Something i made for the lols. xD


----------



## Scott-105 (Aug 10, 2010)

Hatsune Miku said:
			
		

> Something i made for the lols. xD


I love you for this!


----------



## Fudge (Aug 10, 2010)

roflcopter.


----------



## N4RU70 FR34K (Aug 10, 2010)

Excellent my plan went all according to plan


----------



## Splych (Aug 10, 2010)

BortzANATOR said:
			
		

> That does not look like a water bottle to me...


LOL yeah . 
it was yellow for some reason... 
but to the main point, what a brave person... to throw the waterbottle . imagine all the haters on that one person...


----------



## Goli (Aug 10, 2010)

I lol'd.
Great.


----------



## _Chaz_ (Aug 10, 2010)

Splych said:
			
		

> BortzANATOR said:
> 
> 
> 
> ...


lol

The only time attacking a teenage boy completely unprovoked could be considered "Brave".



But yes, I agree.


----------



## ball2012003 (Aug 10, 2010)

lol whoever threw that is a hero


----------



## N4RU70 FR34K (Aug 10, 2010)

ball2012003 said:
			
		

> lol whoever threw that is a hero


Words of wisdom


----------



## Trulen (Aug 10, 2010)

I'm actaully getting tired of people complaining about this kid.

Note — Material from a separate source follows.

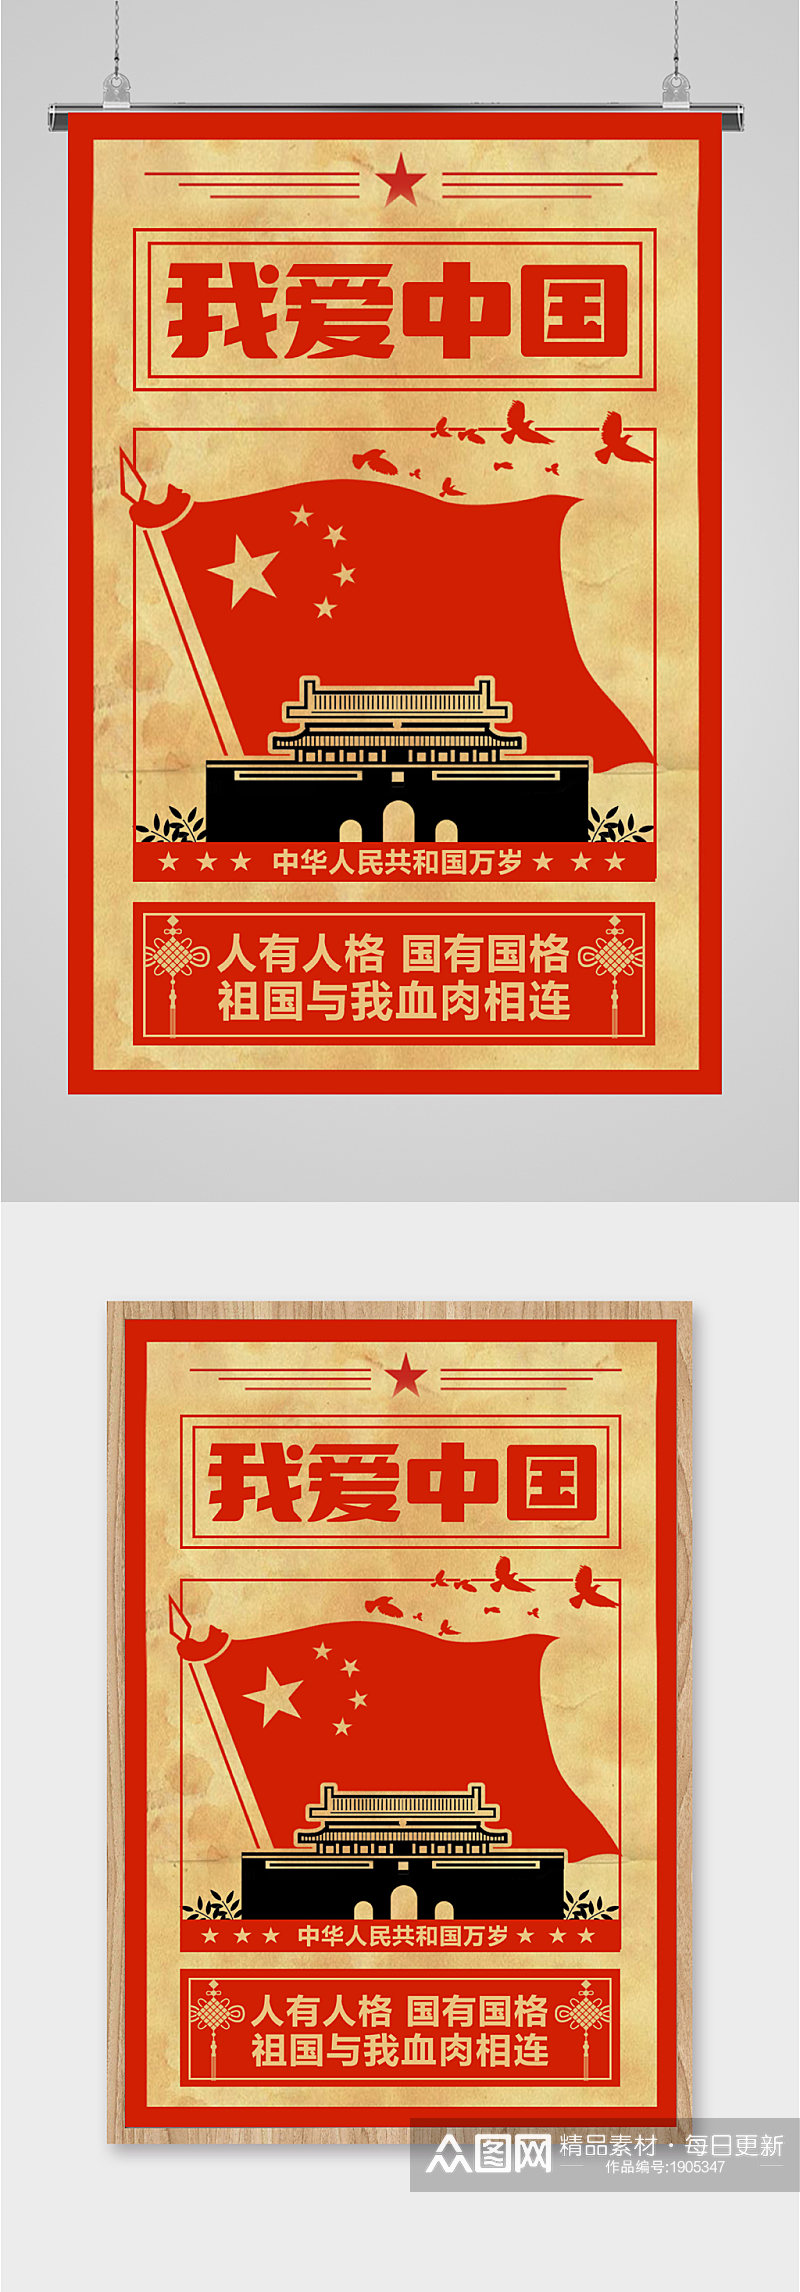 我爱中国中华民族万岁海报素材

I have, never in his existence as a singer, heard a single on of his songs.
Ever. 


But, I hear hatred of him everywhere.  And it's despicable, showing human nature at it's worst.
I can't get away from it.  


+1 for "Grow up guys" comment.  
+1 for "Let his fame run it's course."


And the definition of hero is really getting diluted.
A guy throws a bottle at another fellow.  
Labeled hero.


----------



## Westside (Aug 10, 2010)

Trulen said:
			
		

> I'm actaully getting tired of people complaining about this kid.
> 
> 
> I have, never in his existence as a singer, heard a single on of his songs.
> ...


Well said.


----------



## metamaster (Aug 10, 2010)

Trulen said:
			
		

> I'm actaully getting tired of people complaining about this kid.
> 
> 
> I have, never in his existence as a singer, heard a single on of his songs.
> ...


Not that I don't agree with you, but when you're famous, there are people who love you and people who hate you. And then there are people who hate you so much that they would buy front row seats at your concert and throws a projectile at you. It's his choice to sing and "be famous" and so he has to deal with "attempts" like this one. The more popular you are the more people hate you. So since Justin Beiber is very famous, there is ALOT of hate. So when someone who hates Beiber throws a water bottle at him, he is considered a hero by his "side". You can't fight it, but you can just not hate him.


----------



## Rayder (Aug 10, 2010)

Trulen said:
			
		

> I'm actaully getting tired of people complaining about this kid.
> 
> 
> I have, never in his existence as a singer, heard a single on of his songs.
> ...



My thoughts exactly.   What exactly are you guys listening to or watching to hear this kid's music?  I have NEVER heard a single song that the dude has ever recorded.  Why does everyone focus so much hate on this kid? Why do you even care? Is it because it's the current trend on places like FunnyJunk to pick on the kid?  Can't think for yourself?  Have to join a crowd of haters to feel accepted?    That's just sad.  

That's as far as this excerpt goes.